Reardon et al. (2016): Decomposing the Mechanisms of College Sorting

reardon_2016_college_sorting.md · 1,623 words · 6 min read

Contents

Reardon et al. (2016): Decomposing the Mechanisms of College Sorting

Reardon et al. (2016): Decomposing the Mechanisms of College Sorting

The closest academic precedent to college-sim — a two-sided agent-based model of US four-year college sorting that turns each socioeconomic mechanism on and off in turn to read off how much of the SES gradient each one explains.

The research question

Why do students from high-resource families end up so heavily concentrated at selective colleges, while students from comparable-on-paper but lower-resource families do not? The descriptive fact is well-established: Reardon, Kasman, Klasik, and Baker (2016) open by noting that students in the top family-income decile enroll in top-tier colleges at roughly eight times the rate of students in the bottom decile. The interesting question is not whether sorting by socioeconomic status (SES) exists, but which channels produce it. Is the gradient mostly an academic-achievement gap that the admissions process simply preserves? Or is it driven by what happens during application — information, portfolio construction, essay polish, financial calculations — independent of the achievement that students bring to the table?

Reardon and his coauthors argue that you cannot answer that question with regression on observational data alone, because the mechanisms are deeply intertwined. A high-resource student tends to have higher tested achievement and better information and a longer application list and polished essays. Disentangling the marginal contribution of any one channel requires a model in which you can hold the others fixed.

Their answer is an agent-based simulation calibrated against two public datasets. The Education Longitudinal Study of 2002 (ELS:2002), maintained by NCES, follows a nationally representative cohort of US tenth-graders through college entry; it supplies the joint distribution of family resources, academic achievement, and enrollment outcomes that the model is fit against. IPEDS — the Integrated Postsecondary Education Data System — supplies the supply side: roughly 1,500 four-year colleges with their selectivity, capacity, and enrollment characteristics. Students and colleges are each modeled as decision-making agents, and the simulation iterates three stages — application, admission, and enrollment — until a market-clearing outcome is reached.

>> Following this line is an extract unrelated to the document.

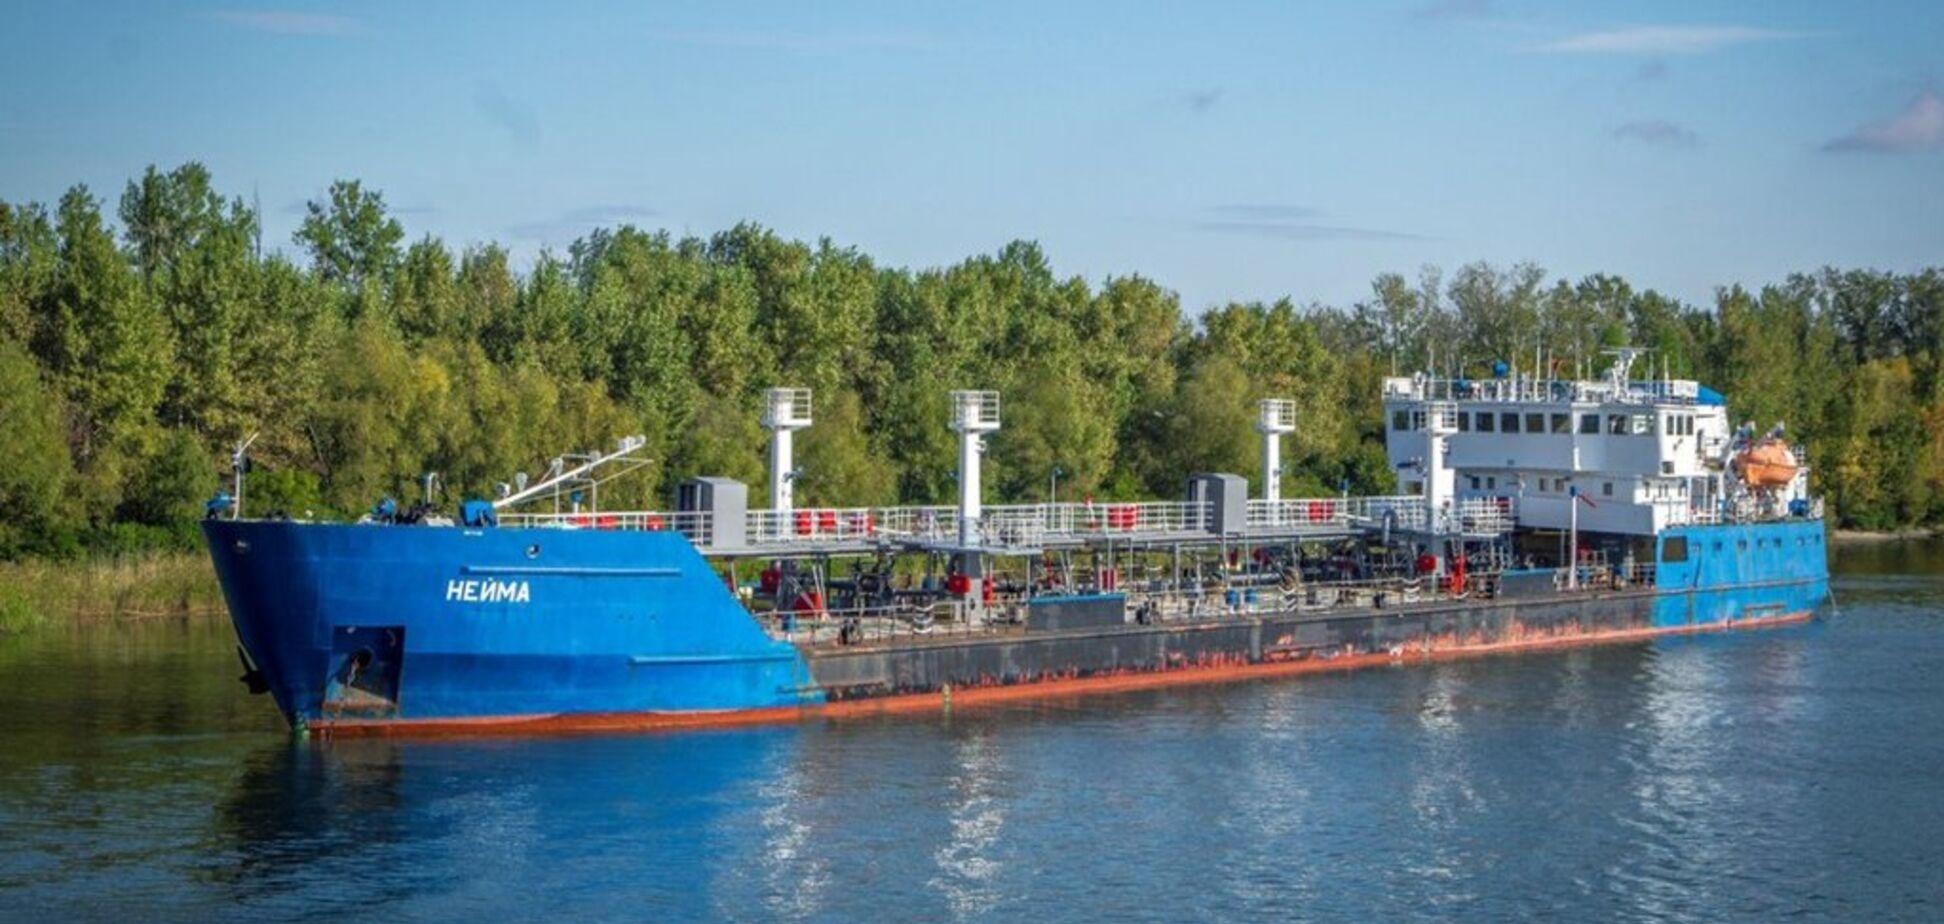 'Потрібно готуватися': генерал дав прогноз по військовій відповіді Кремля на затримання танкера

The methodological move that makes the paper canonical, and the reason it is the strongest academic precedent for college-sim, is what Reardon et al. do with that model: a systematic mechanism decomposition.

Method: turning mechanisms on and off

The authors identify five distinct, theoretically grounded channels through which family resources can drive sorting between colleges. Each channel is encoded as a switch in the simulation. By running the model with all five channels active and then re-running it with one channel "turned off" (set to its SES-neutral value), they can read the marginal contribution of each mechanism to the SES-by-college-quality gradient directly off the simulation output.

The five mechanisms are:

Achievement gap. High-resource students tend to score higher on standardized achievement measures, partly because of investments in K–12 schooling and home environment. Turning this off equalizes achievement across the SES distribution while preserving everything else.
Application enhancement. High-resource students invest in essay coaching, test prep, application strategy, and the cultivation of recommenders — investments that raise their apparent caliber to admissions readers above what their underlying achievement alone would predict. Turning this off removes the resource-linked premium on perceived application quality.
Information quality. High-resource students typically have noisier estimates of college quality than their lower-resource peers — they know which colleges exist, what fit means, what selectivity looks like, and how aid actually works. Turning this off gives every student perfect information about every college.
Portfolio size. High-resource students apply to more colleges, increasing the chance of any one acceptance and giving them more options at the enrollment stage. Turning this off equalizes portfolio size across SES.
Idiosyncratic valuation. Even with perfect information, students disagree about which college is best — they have personal taste shocks, family ties, geographic preferences, and social networks. Turning this off forces every student to agree on a single quality ranking.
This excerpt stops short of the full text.